I wish for his family and friends all the best. There are many discussions as to what drives ex-combatants from the Iraq conflict to do such things. It does need to be studied closely, as anecdotally, to me it seems there is a higher degree of suicides and/or self inflicted deaths for such soldiers from this conflict more than others. Perhaps it is associated to "general order number 1" and the soldiers cannot decompress in the field.

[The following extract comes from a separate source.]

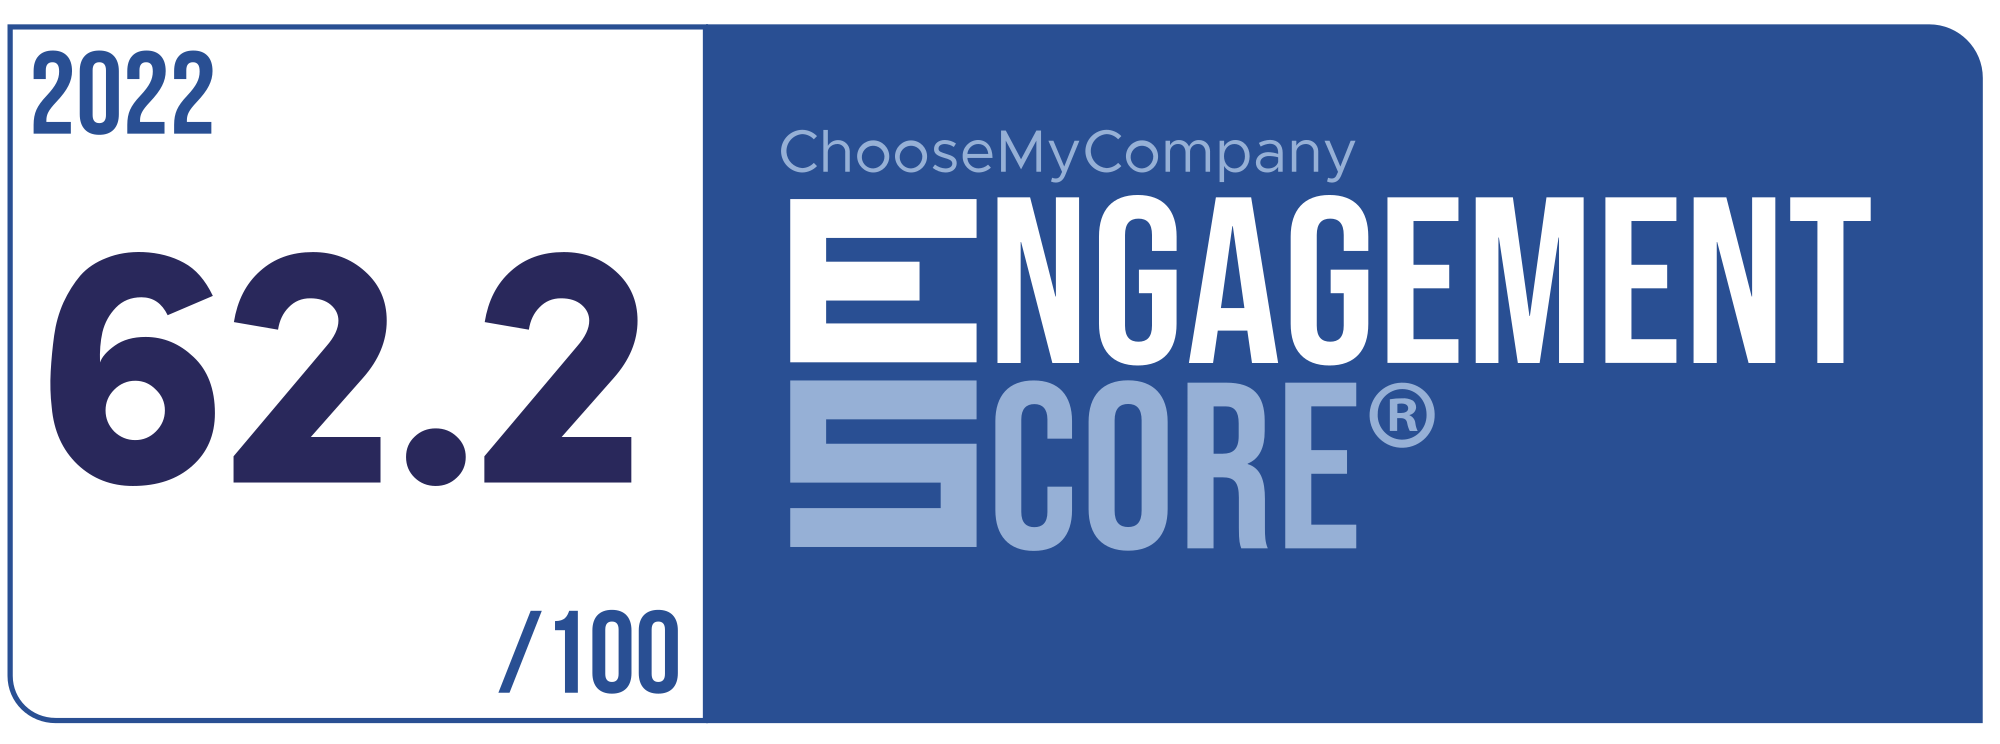 Label Engagement Score 2022

After times of heavy and or close fighting, a soldier needs to be able to decompress and talk things out, even if it is just with his buddies. In all previous conflicts there has been no ban on pets and alcohol, and in some arenas beer was basically issued to soldiers. Before you jump on a bandwagon saying how horrible I am for saying this - hear me out. Guys, especially in such situations are not likely to just talk things out on their own. After having their tongues loosened a bit with a couple of drinks, they are very likely to talk it out - telling their "war Stories" to their buddies. Many have pets they talk to (don't tell me you have never talked to your dog) I am probably wrong, but I believe research will prove me right.

I do not mean so much to digress on this issue - but more so about honoring the soldier who fell probably due to the wat, but not in it.


  1. I actually didn't know that expression until I saw it here. Had to read the story you linked to in order to understand it. Damn shame that he wasn't getting the help he needed.

  2. You mean "huffing"? I guess as an old cop I am familiar with most of these things.

    About the help - I guess he just didn't get the right kind - I know some people tried to help him.

    Thanks for stopping in Mark.

  3. I think the trauma of seeing things people see in war would leave a person forever changed. I know that I could never be a soldier. I cry when I see a dead animal on the side of the road and to be around such violence and death would be incomprehensible to me. I really feel for him and his family.

  4. HNWBM: There are a lot of things people see in such situations. Sometimes I can get overwhelmed after investigating war crimes and mass graves, or going into war zones to train police.